Я выпил. И в очередной раз "выпал".

  Очнулся я, когда женщина в белой одежде совала мне под нос ватку с нашатырем. Я валялся на полу в злосчастной "Березке", закрыл глаза: хотелось спать и не просыпаться, все равно где.
 
 Вновь сознание вернулось в полицейском УАЗике - буханке.
 
  Рядом со мной на скамье, обтянутой дерматином, сидел парень, который спал в кафе на полу.
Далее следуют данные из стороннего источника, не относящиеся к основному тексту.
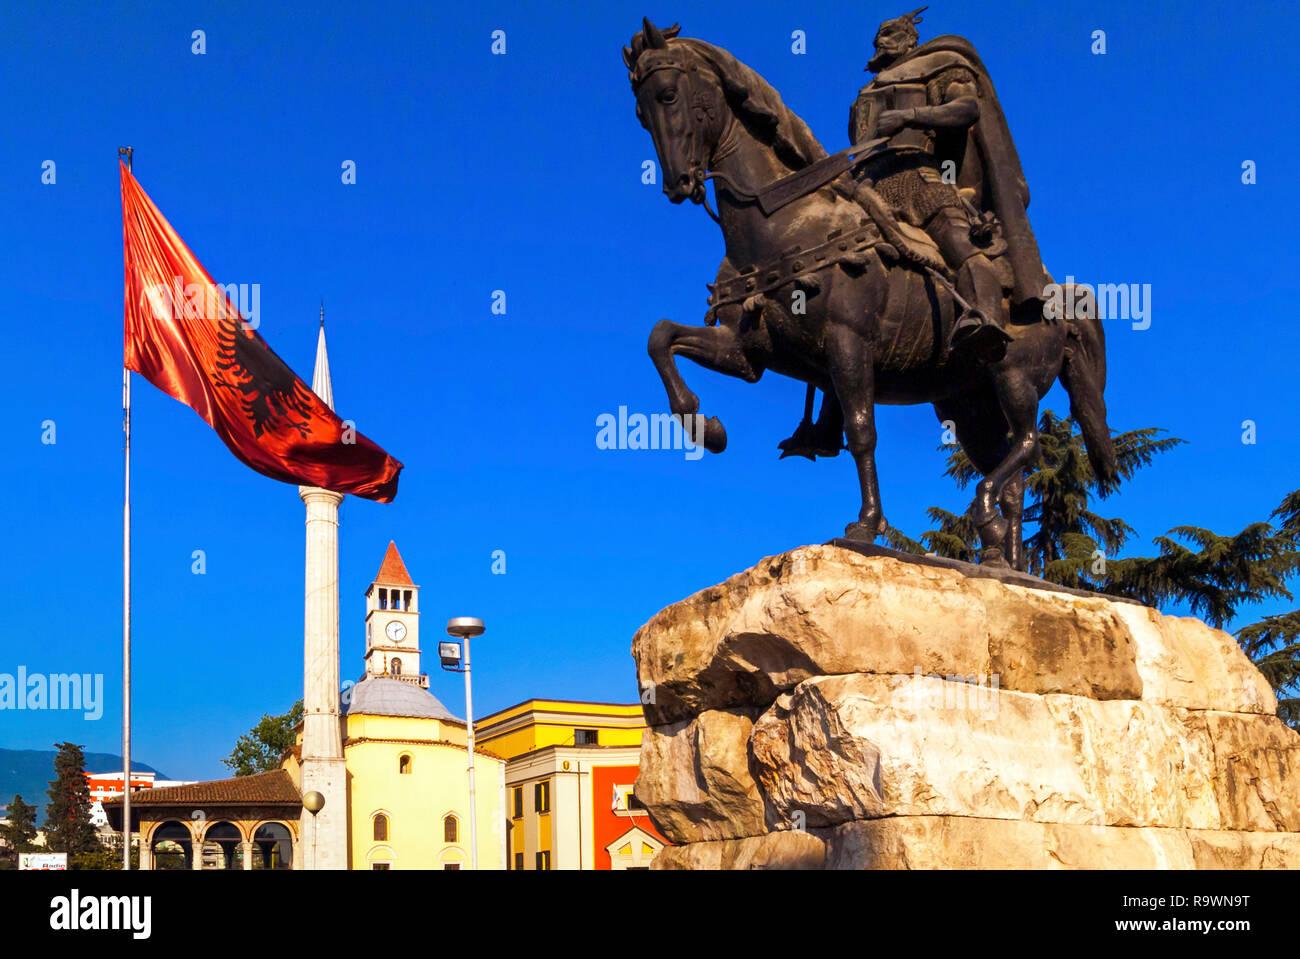 Skanderberg Equestrian Statue, Ethem Bay mosque, Clock Tower and Square, Tirana, Albania - Stock Image

За столом офицер важно расстёгивал чёрную папочку, вытаскивая из неё листы; наклонив голову на бок он, как прилежный ученик, начал исписывать листы - сначала медленно, задумываясь, затем все быстрее.

 Впереди, в кабине водителя, сидели ещё двое полицейских. Там затрещала рация, и голосу в ней, искаженному радиоволнам, надо было "пробить" данные задержанных.

 - Фамилия как, имя?! - обернулся ко мне с пассажирского кресла патрульный. - Ага. Ясно. Приём! Не судим?

 - Нет, - прокашлял я, поперхнувшись. И слава Богу! - чего я хоть натворил?

 - Да ничего особенного: стоял-стоял, потом вдруг резко упал. Скорую пришлось вызывать... Нельзя падать... в общественном месте. Административное нарушение. Сейчас поедем в вытрезвитель, дунешь в трубочку. Затем в отдел: сфотографируют, просканируют отпечатки (сейчас современная техника в полиции), оформят штраф и пойдёшь домой...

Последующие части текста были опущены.